**TASK TO CARRY OUT:** Lines from the one with "Yawning cheetah closeup" up to and including the one with "Hilton Club Liberty Place Charleston" are to be copied exactly from the records below, without their pictures.

**INPUT MATERIAL:**

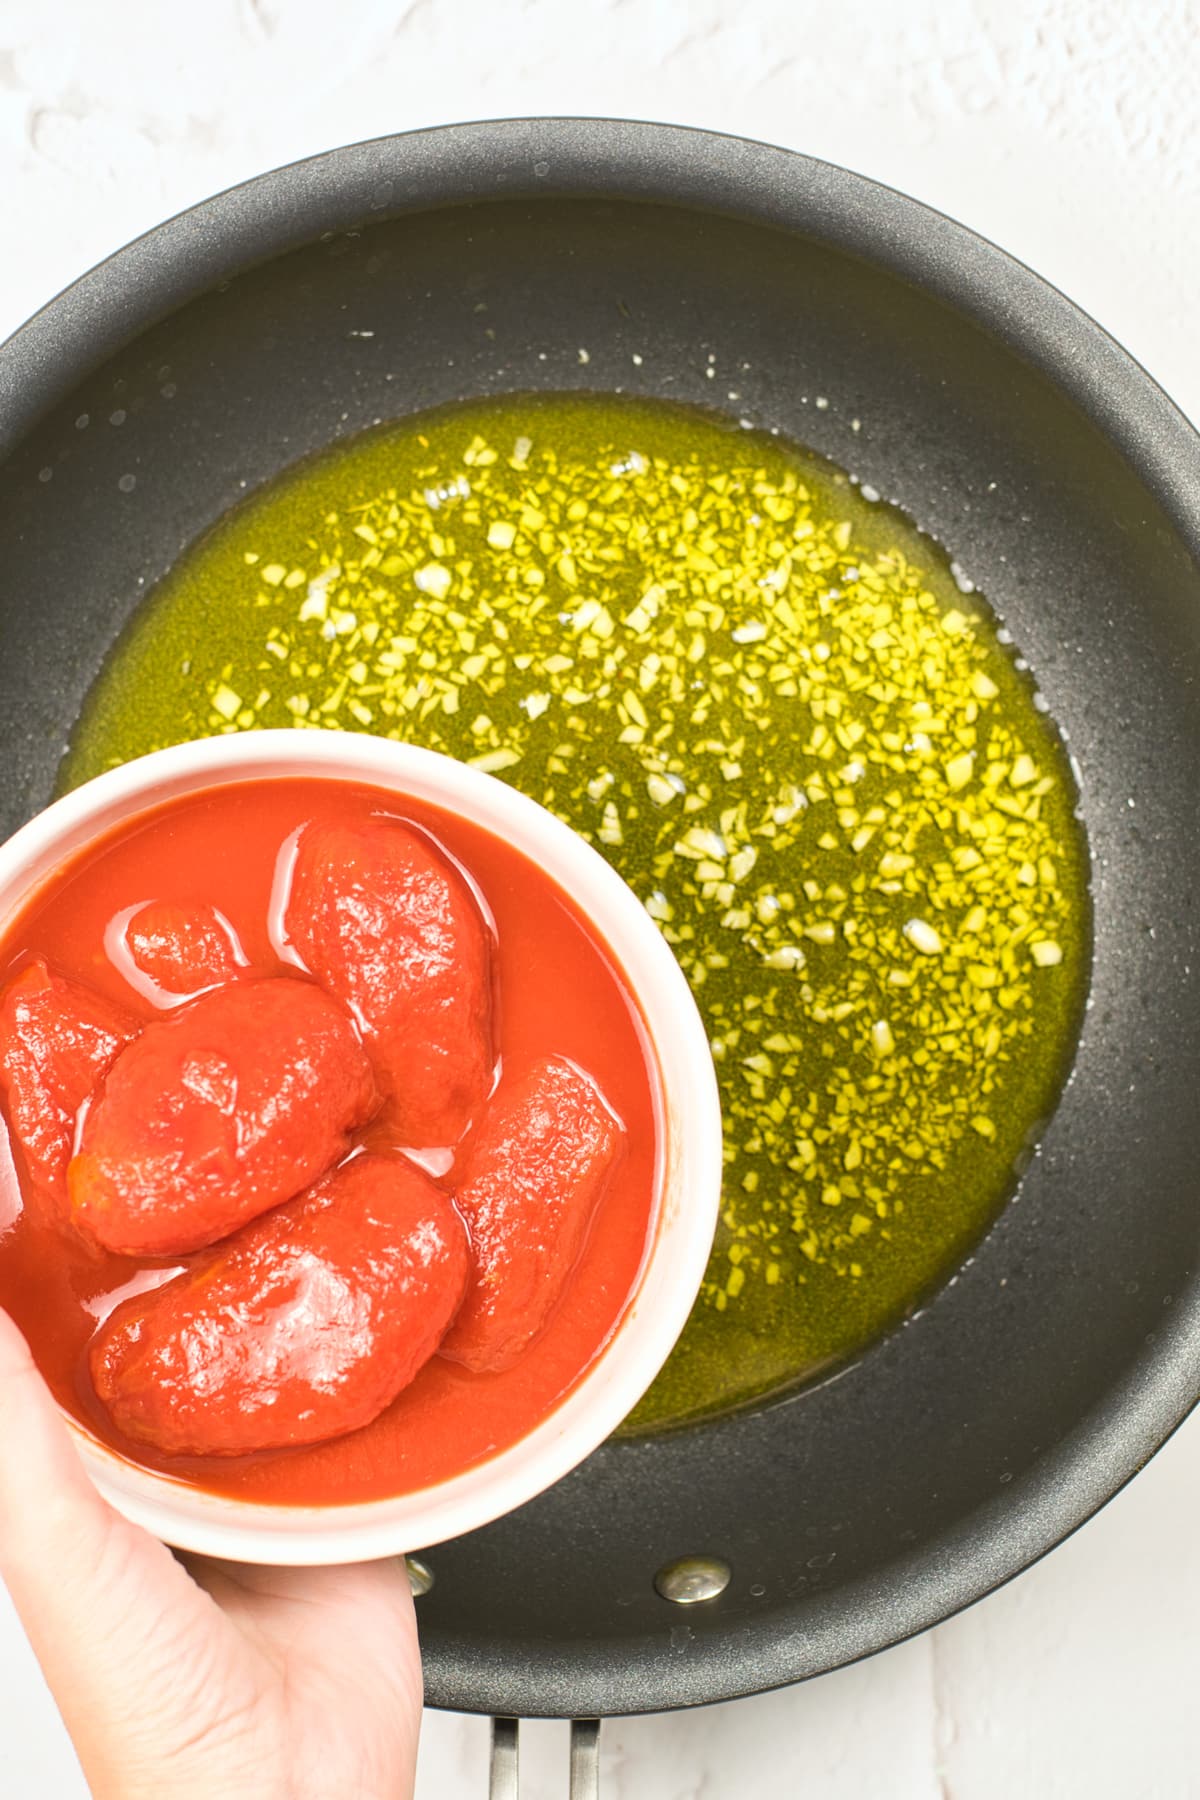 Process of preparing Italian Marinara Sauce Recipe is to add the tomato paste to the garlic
...
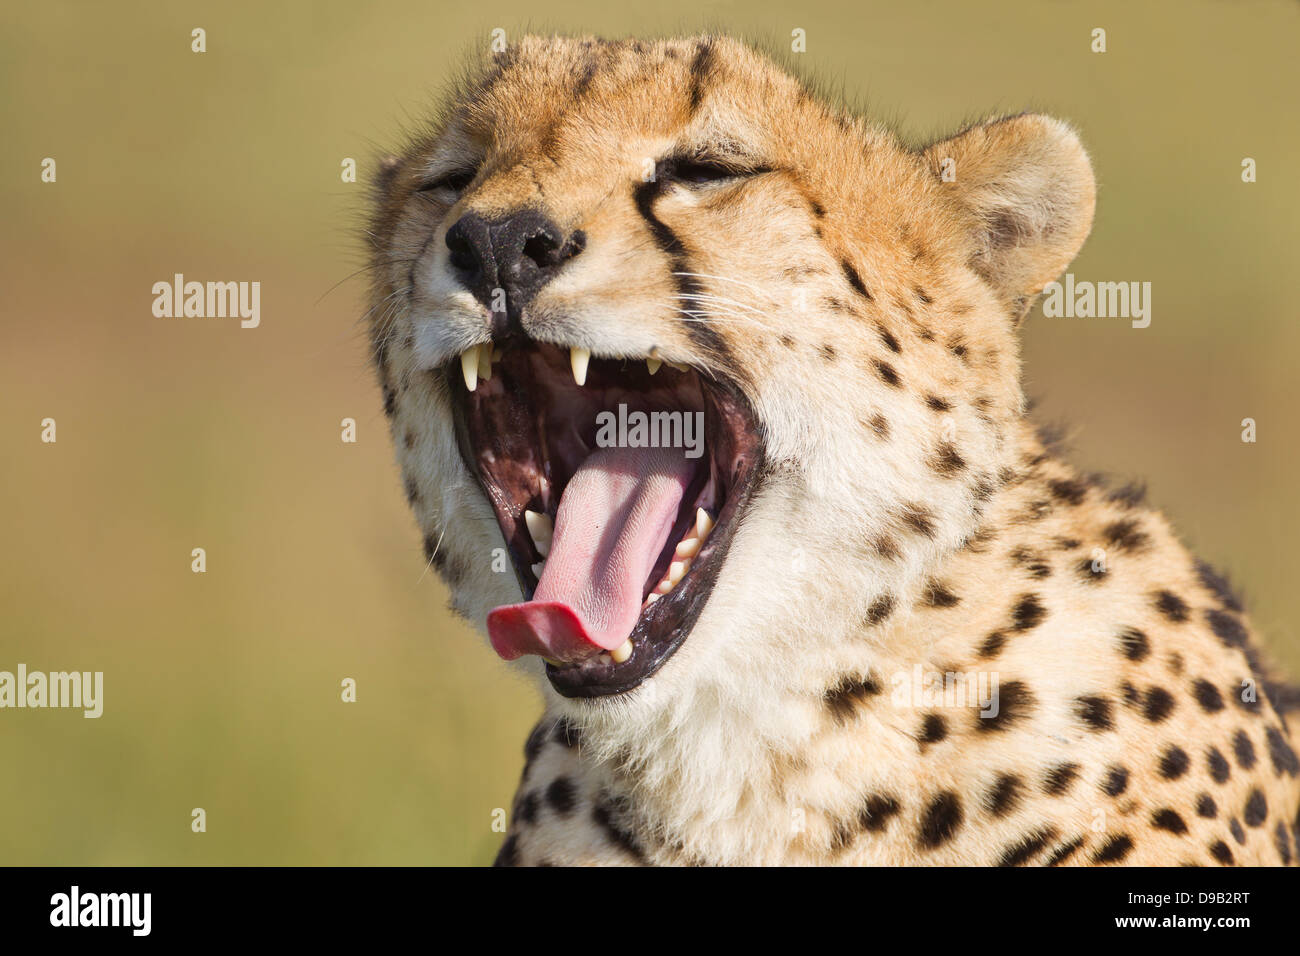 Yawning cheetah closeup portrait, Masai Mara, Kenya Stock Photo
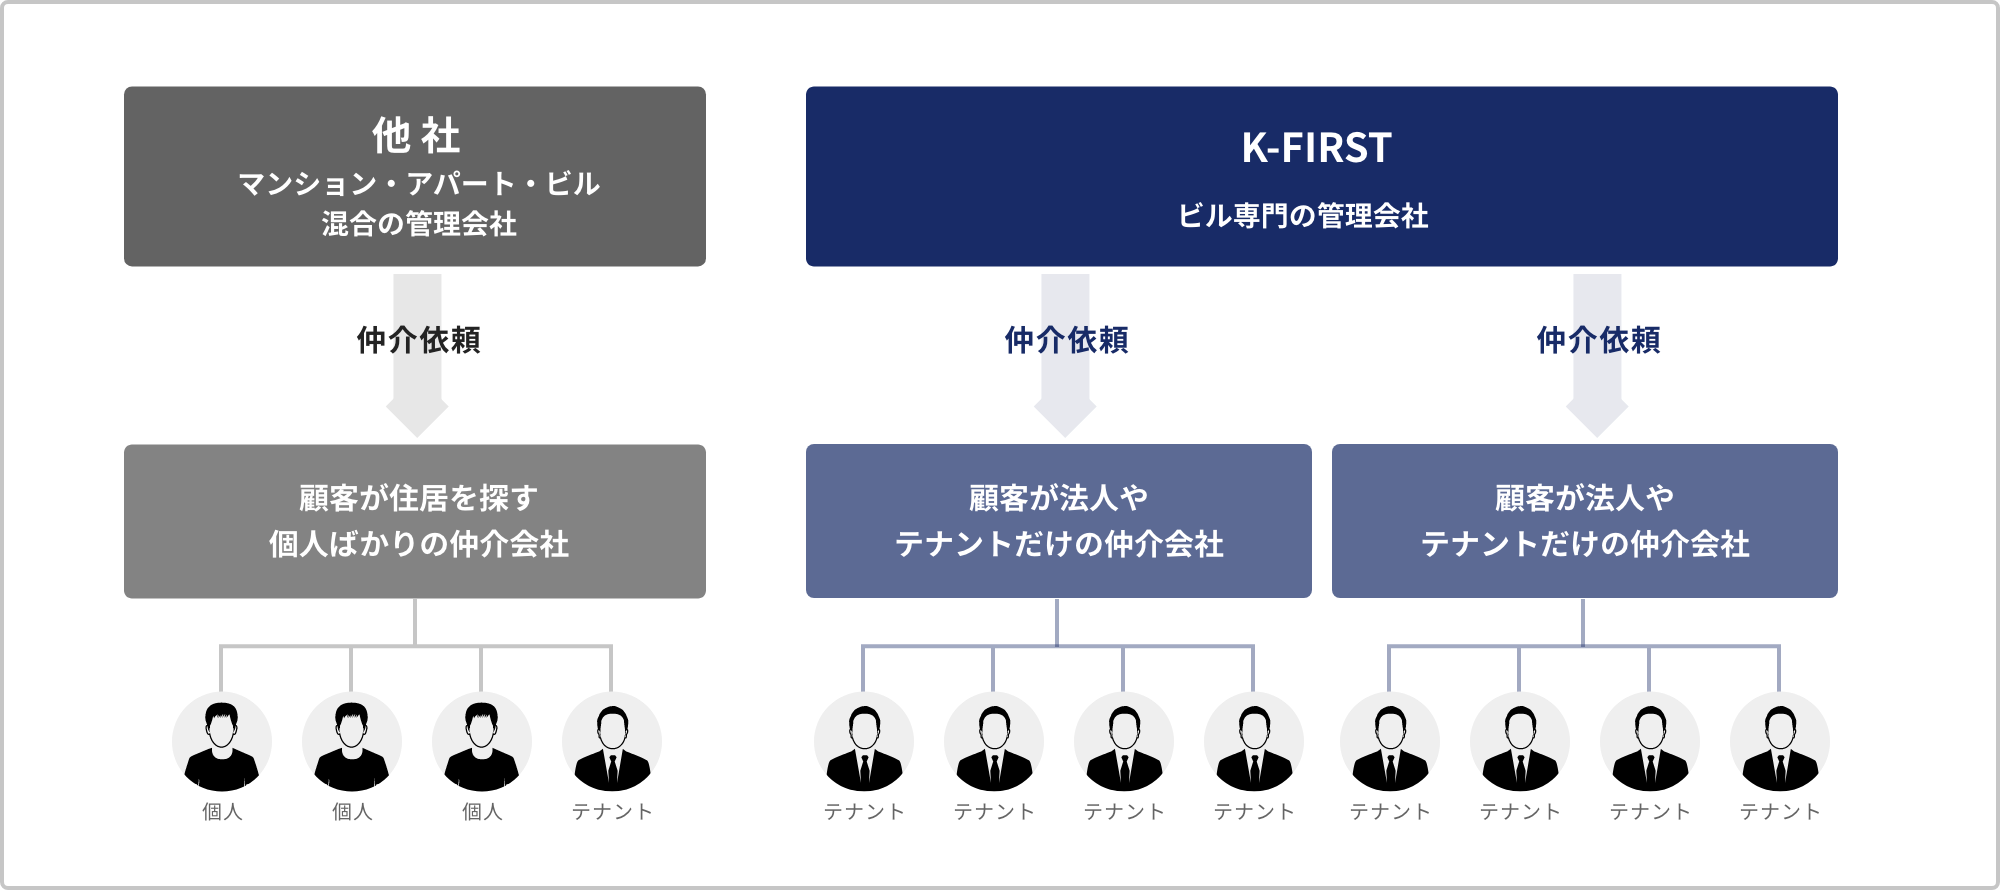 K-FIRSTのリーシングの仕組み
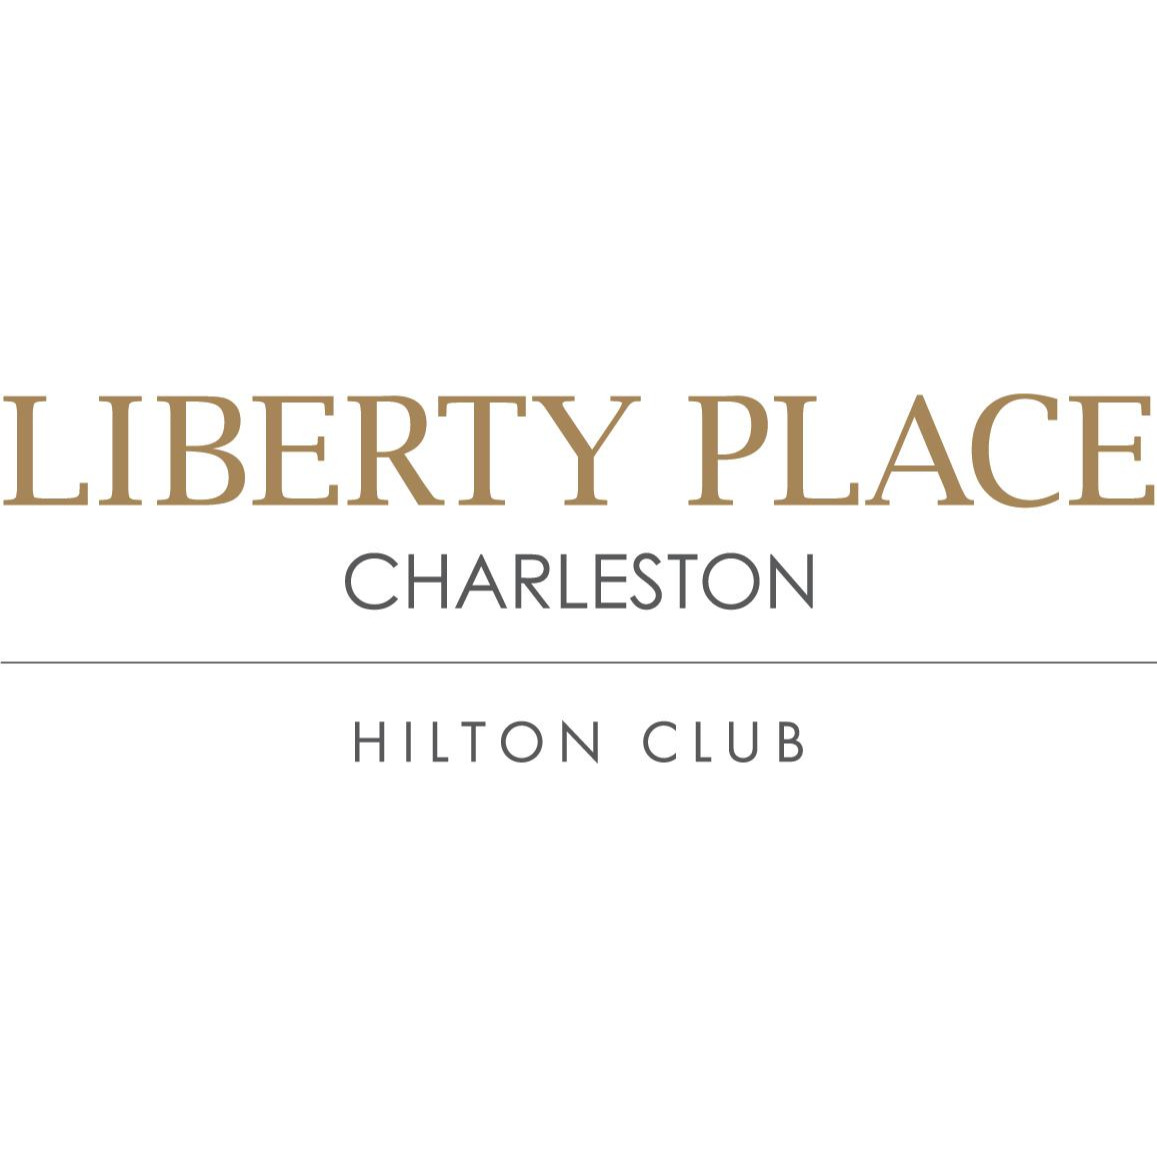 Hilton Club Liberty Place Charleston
==
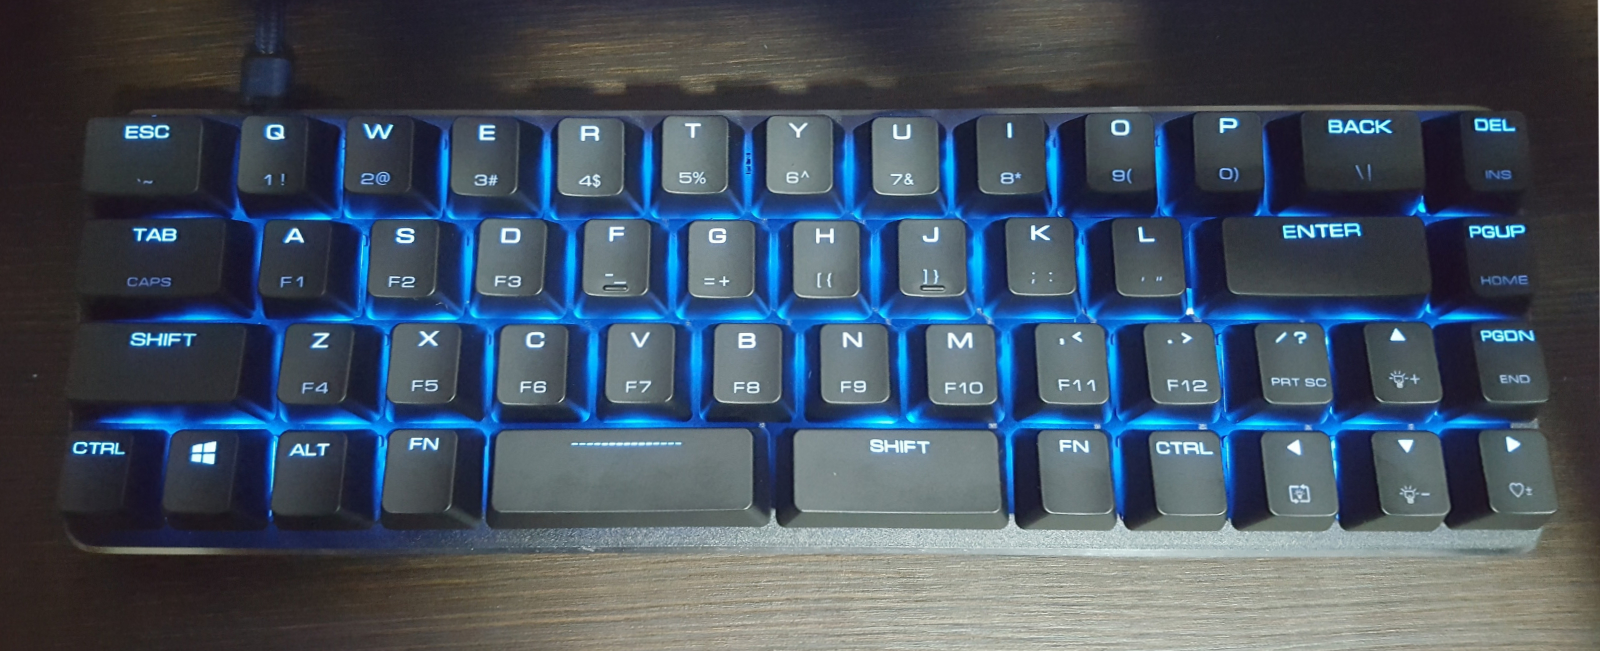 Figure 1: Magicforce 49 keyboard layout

**RESULT BELOW:**
 Yawning cheetah closeup portrait, Masai Mara, Kenya Stock Photo
 K-FIRSTのリーシングの仕組み
 Hilton Club Liberty Place Charleston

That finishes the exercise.